Alternation and Lookaround

Alternation (OR)

The pipe character | acts as an OR operator. The pattern cat|dog matches either “cat” or “dog”. Alternation has the lowest precedence of any regex operator, so gray|grey matches “gray” or “grey”, not “gra” followed by “y|grey”.

To limit the scope of alternation, use parentheses: gr(a|e)y matches “gray” or “grey”.

Lookahead and Lookbehind

Lookaround assertions check if a pattern exists before or after the current position, but they do not consume characters (the match position does not advance).
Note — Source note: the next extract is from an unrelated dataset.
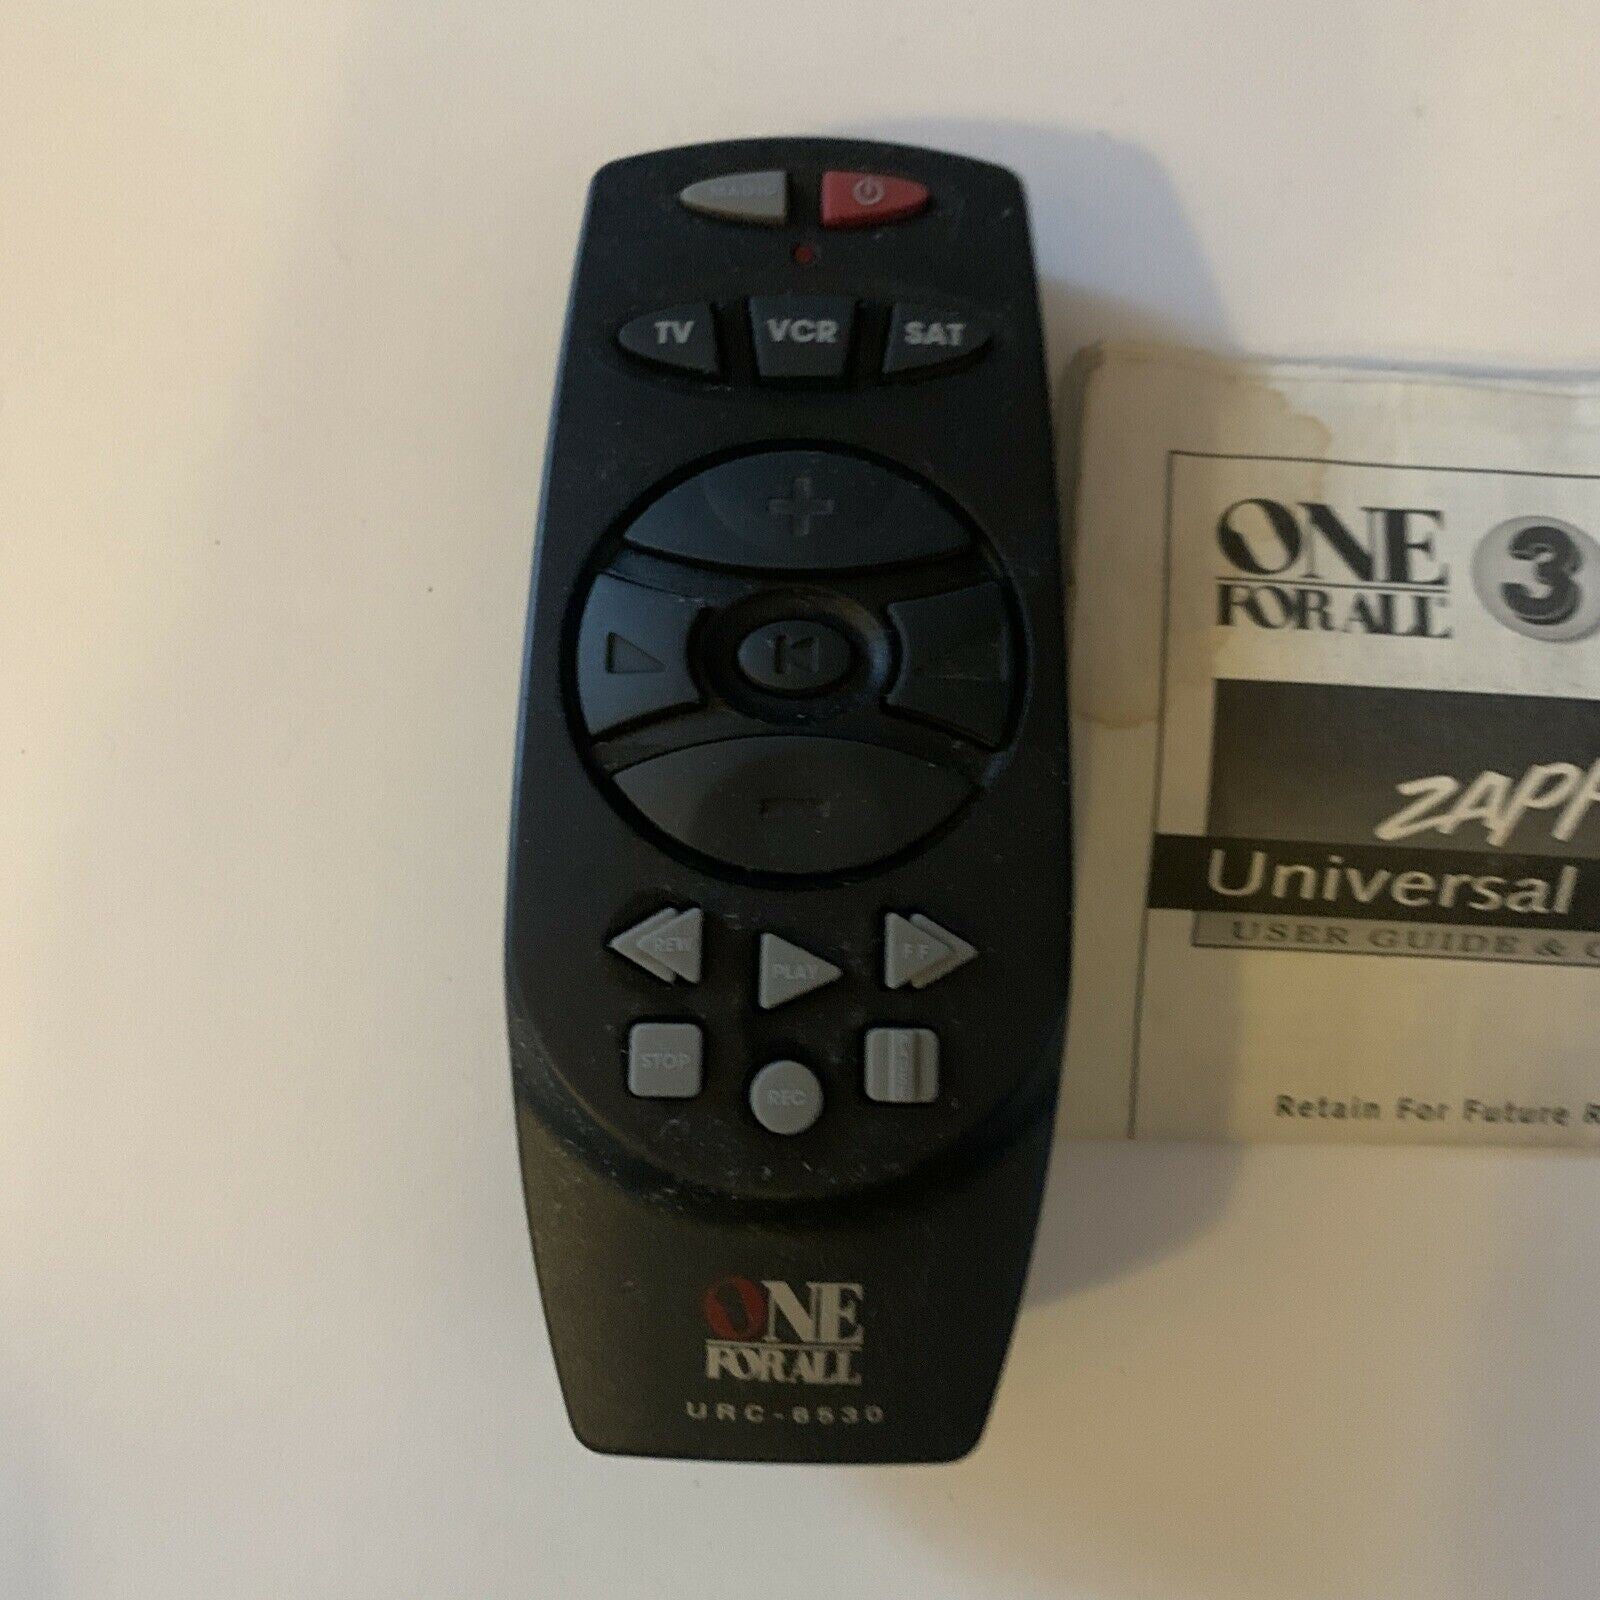 One For All Zapper Universal Remote Control 3 in 1 URC-6530 TV VCR – Retro  Unit

They are “zero-width assertions” — they assert a condition without including the matched text in the result.

Syntax Name Meaning Example
(?=...) Positive lookahead What follows must match \\d+(?= dollars) matches “100” in “100 dollars”
(?!...) Negative lookahead What follows must NOT match \\d+(?! dollars) matches “100” in “100 euros”
(?<=...) Positive lookbehind What precedes must match (?<=\\$)\\d+ matches "50" in "$50"
(? Negative lookbehind What precedes must NOT match (? matches "50" in "50" but not in "$50"
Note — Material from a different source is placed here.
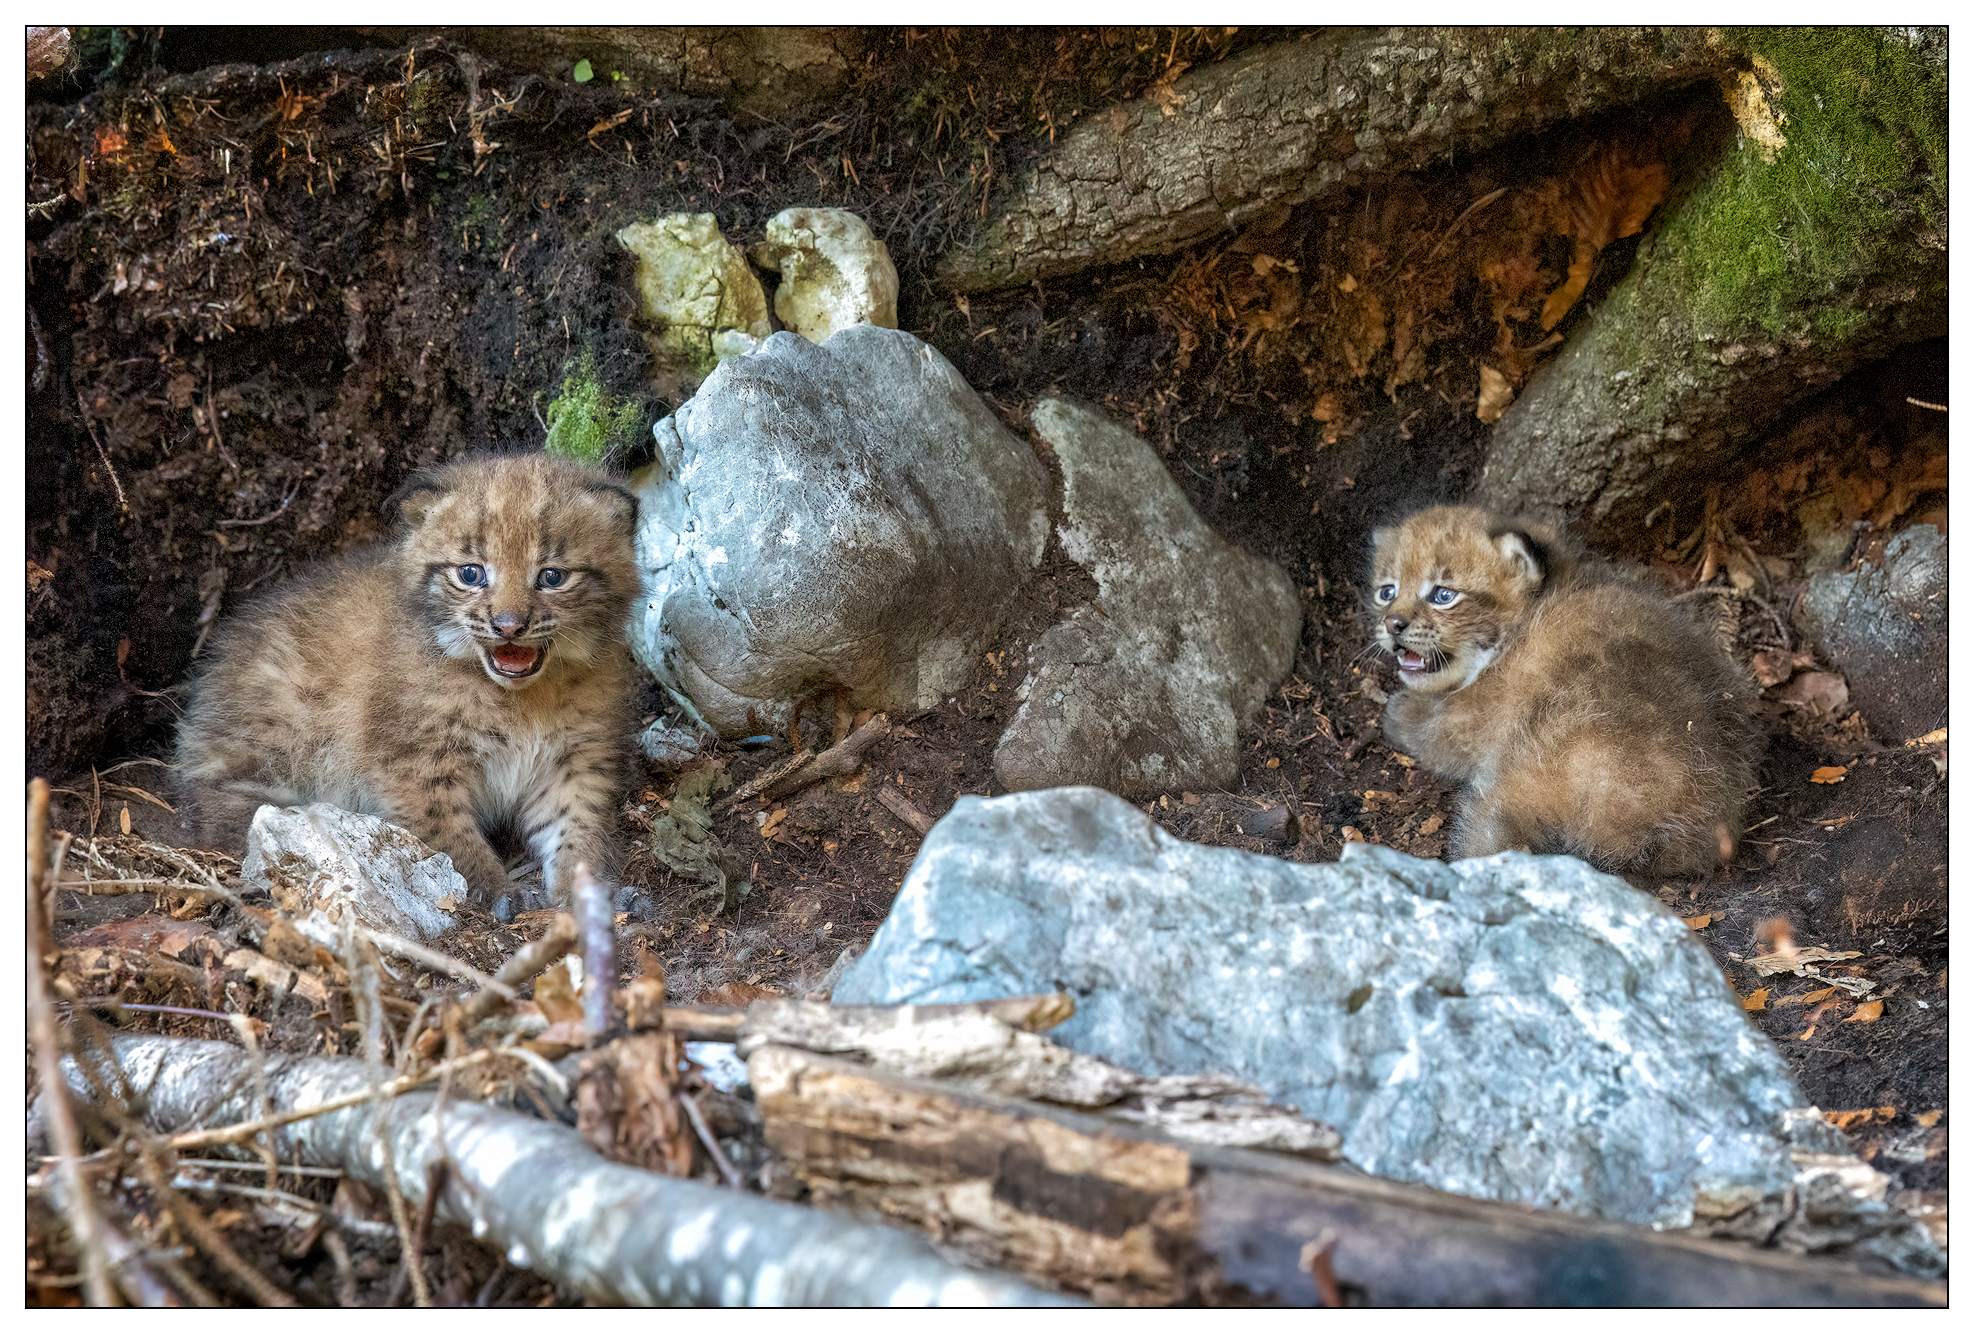 Auf dem Bild sind zwei flauschige kleine Luchsbabys zu sehen, die neben einem umgefallenen Baum im Wald sitzen. Sie schauen ein bisschen erschrocken in die Kamera, weil sie fotografiert werden.

Lookarounds are especially useful in password validation, where you need to check multiple conditions at the same position (e.g., must contain a digit AND a special character AND an uppercase letter).

import java.util.regex.*;

public class AlternationAndLookaround {
    public static void main(String[] args) {
        // --- Alternation ---
        Pattern pet = Pattern.compile("cat|dog|bird");
        String text = "I have a cat and a dog but no bird";
        Matcher m = pet.matcher(text);
        while (m.find()) {
            System.out.println("Found pet: " + m.group());
        }
        // Found pet: cat
        // Found pet: dog
        // Found pet: bird

        // Alternation with grouping
        Pattern color = Pattern.compile("gr(a|e)y");
        System.out.println(color.matcher("gray").matches());  // true
        System.out.println(color.matcher("grey").matches());  // true
        System.out.println(color.matcher("griy").matches());  // false

        // --- Positive Lookahead: find numbers followed by "px" ---
        Matcher lookahead = Pattern.compile("\\d+(?=px)").matcher("width: 100px; height: 50px; margin: 10em");
        while (lookahead.find()) {
            System.out.println("Pixel value: " + lookahead.group());
        }
        // Pixel value: 100
        // Pixel value: 50
        // -- "10" was excluded because it is followed by "em", not "px"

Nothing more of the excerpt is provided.